> _WHAT TO WORK ON_: Apart from the pictures, everything in the lines below must be printed exactly.

> _GIVEN MATERIAL_:

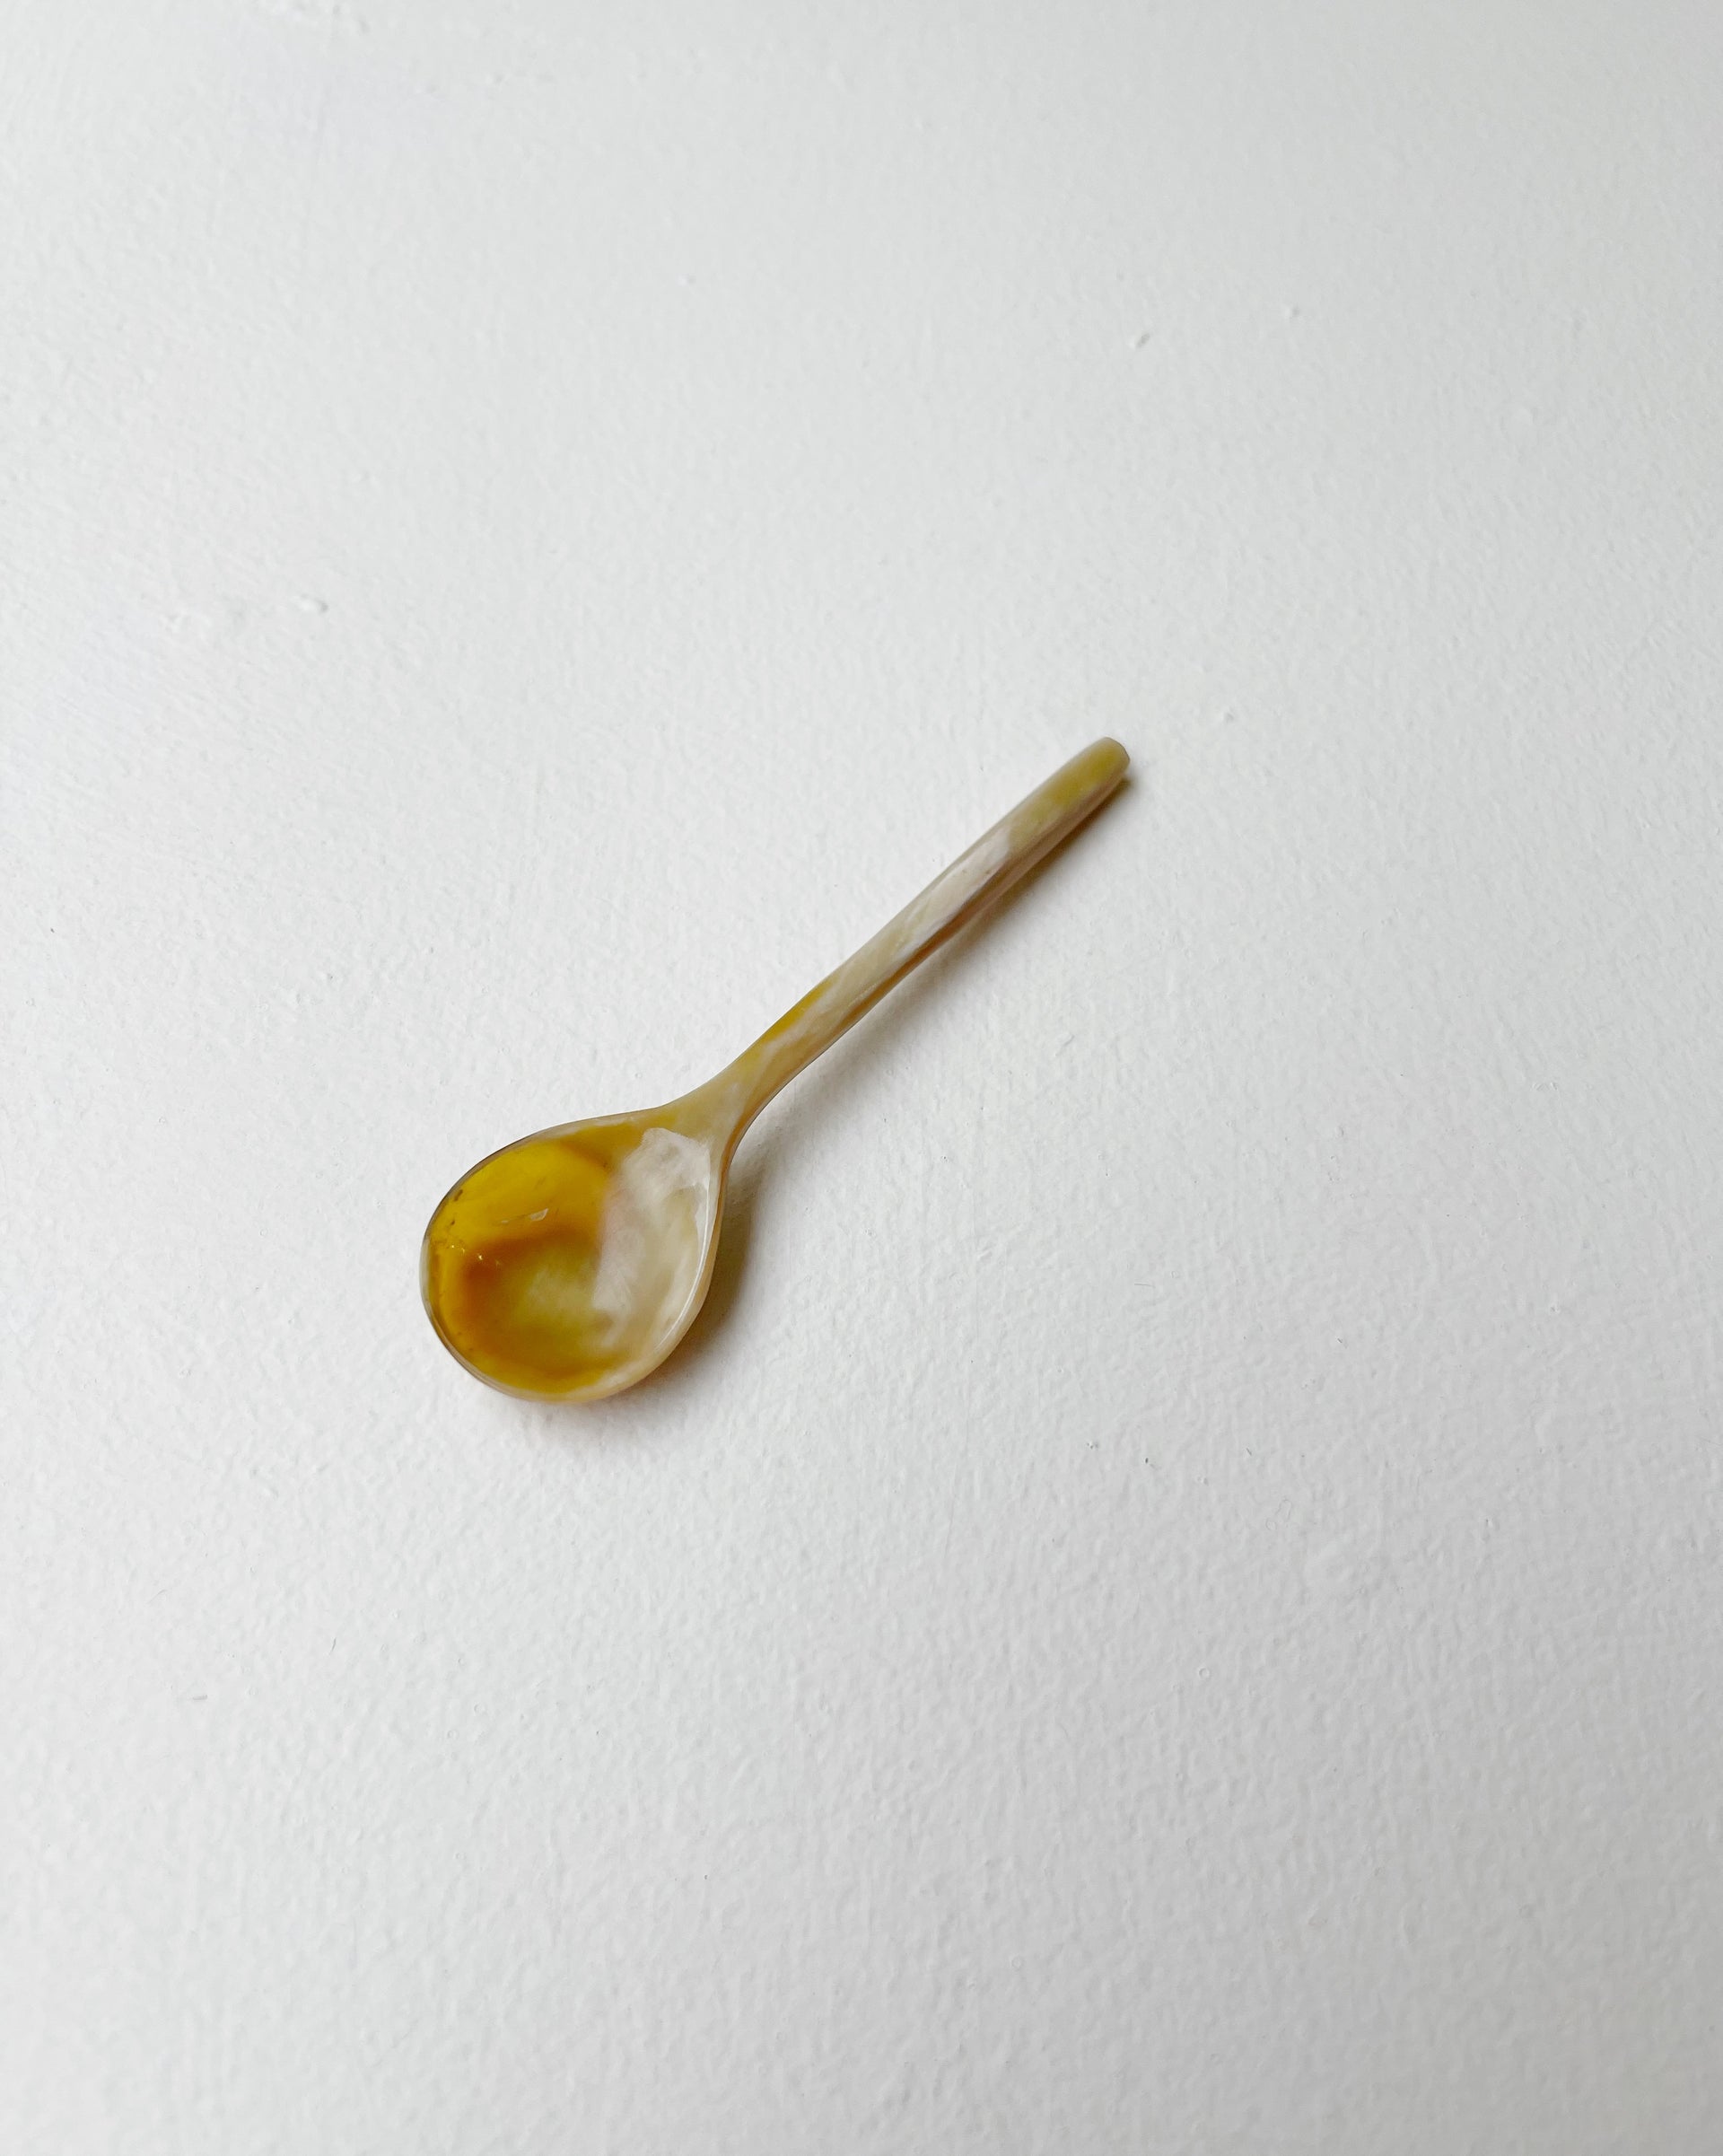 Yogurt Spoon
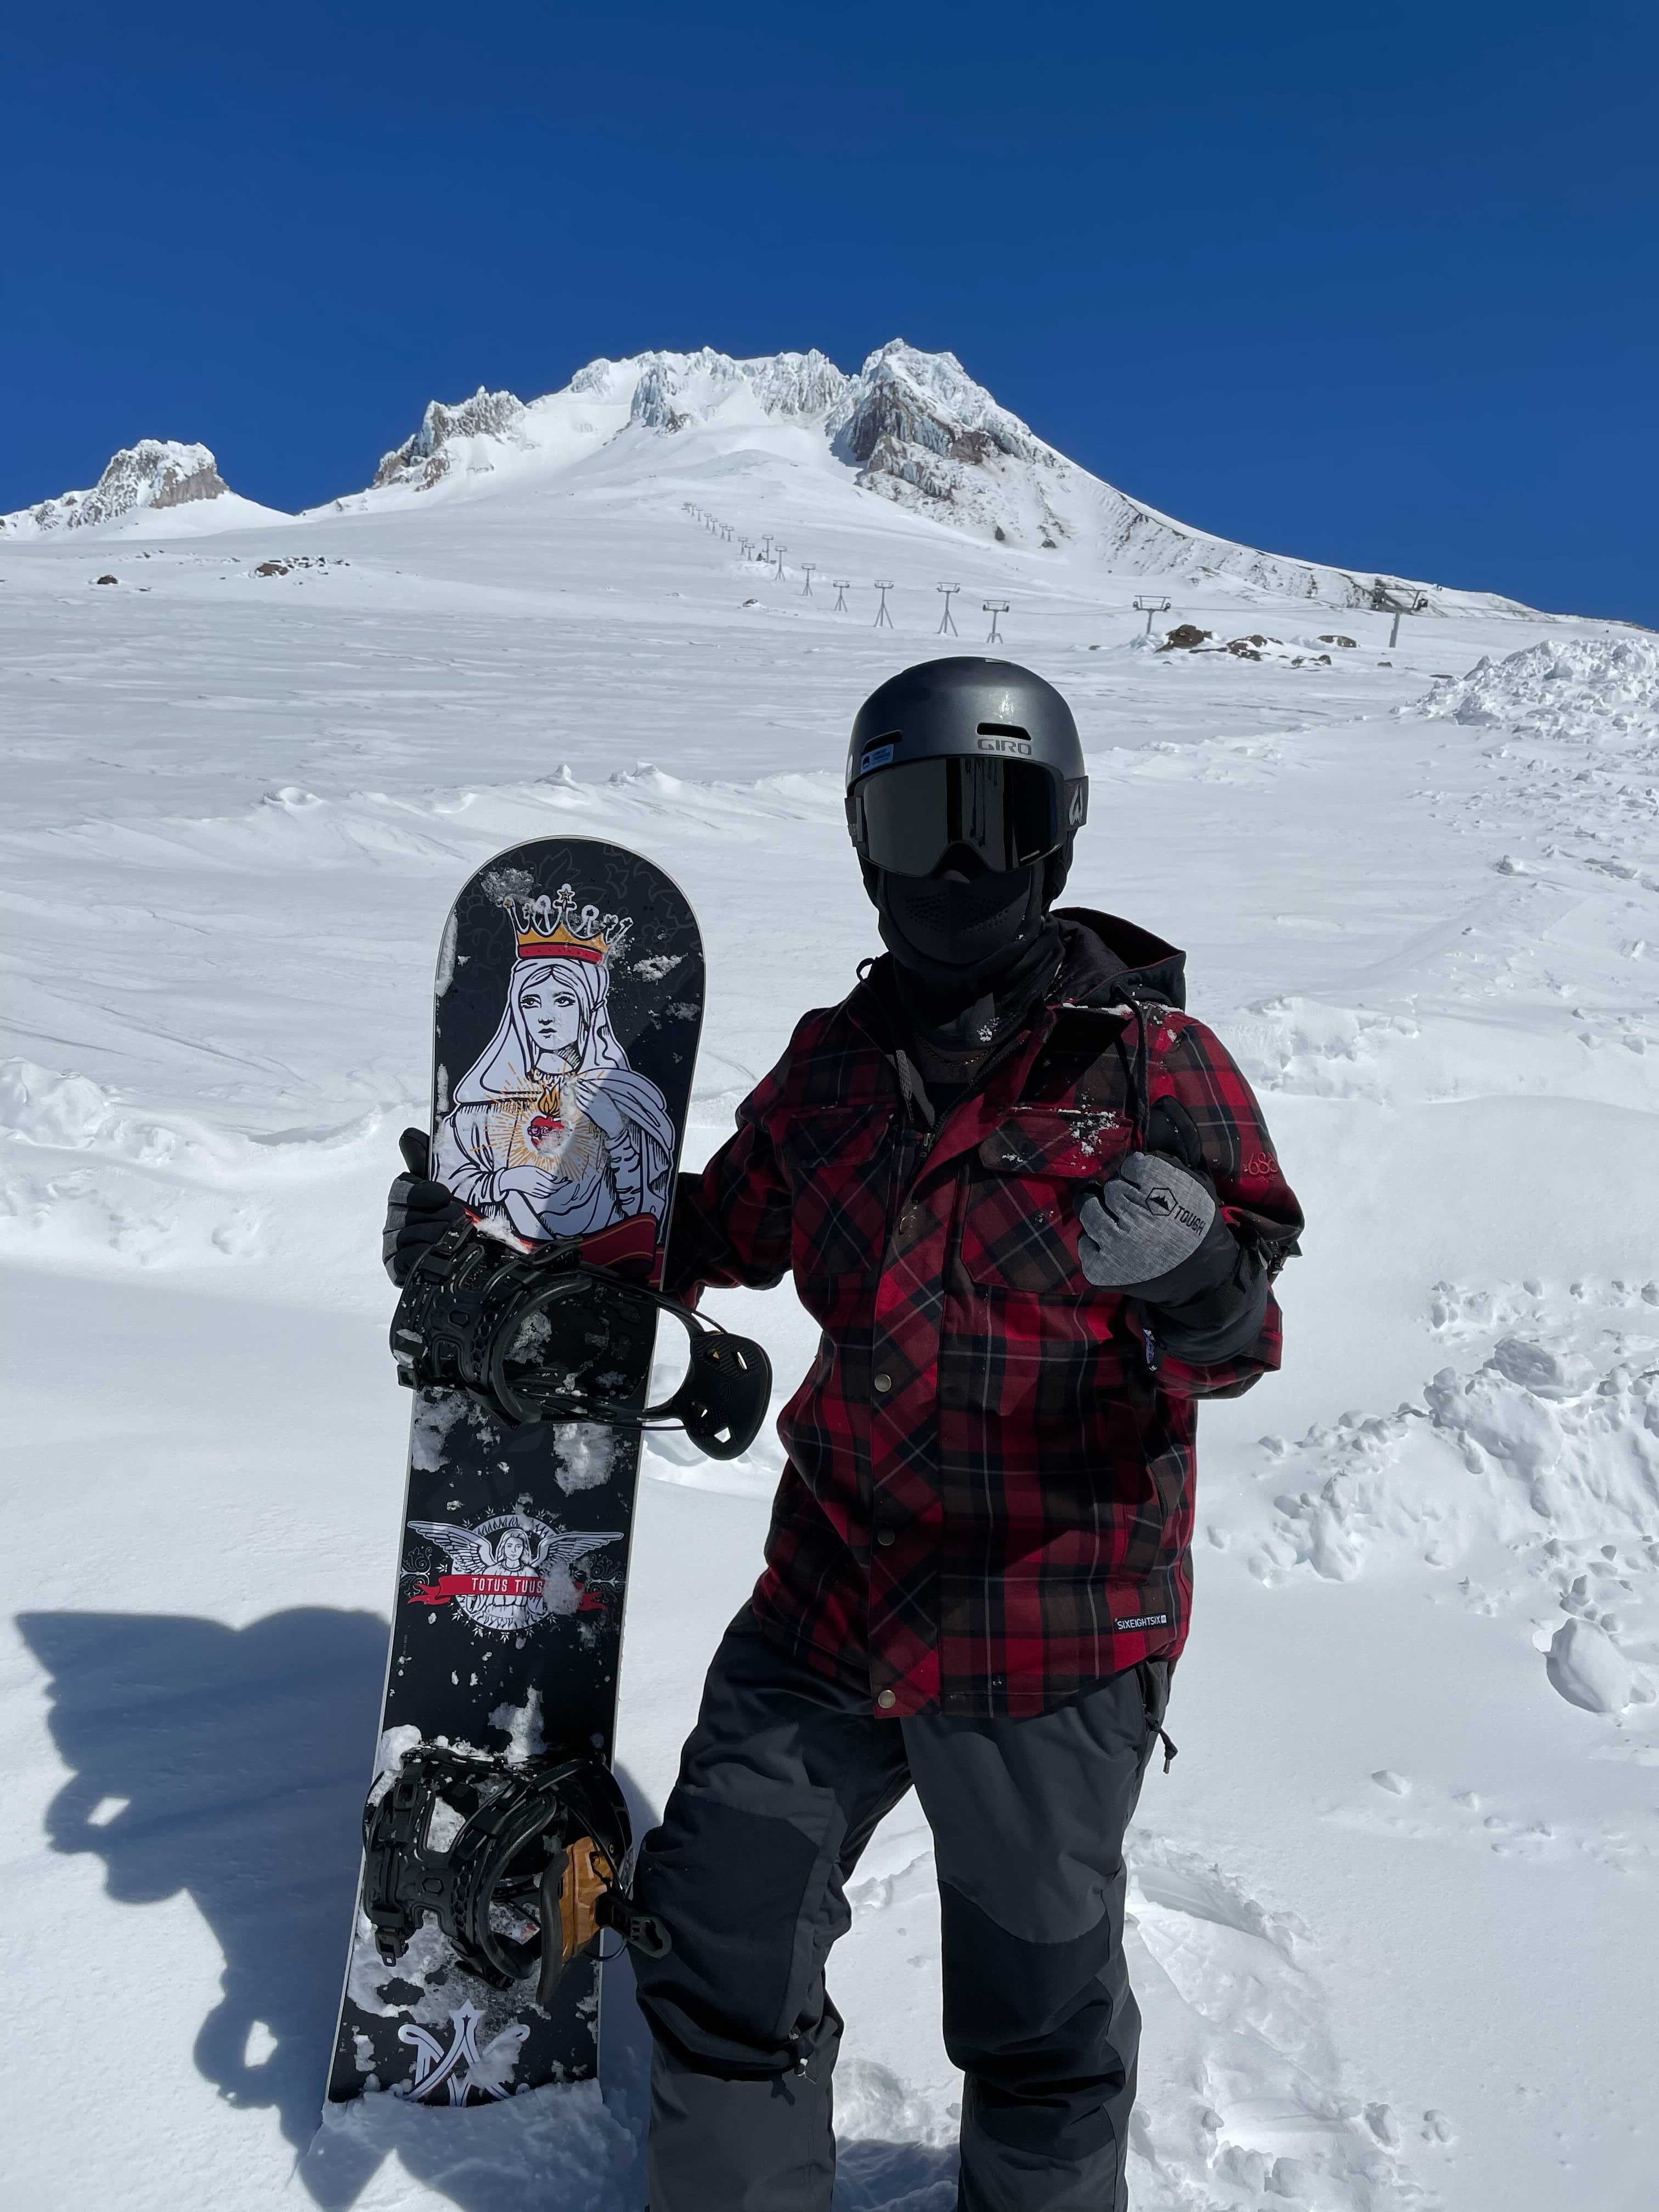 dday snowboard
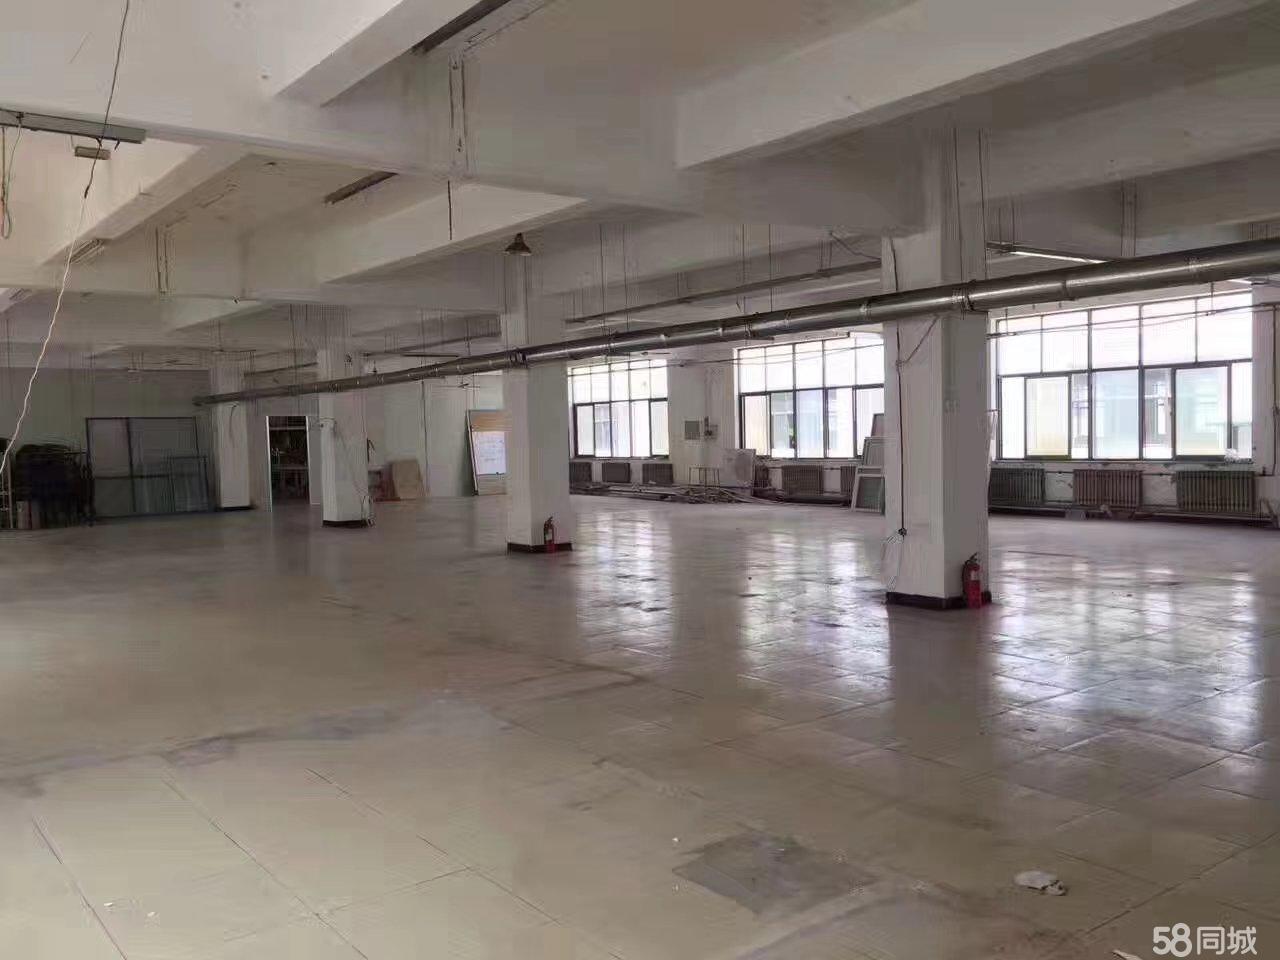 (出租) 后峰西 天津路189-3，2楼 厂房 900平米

> _WRITTEN RESPONSE_:
 Yogurt Spoon
 dday snowboard
 (出租) 后峰西 天津路189-3，2楼 厂房 900平米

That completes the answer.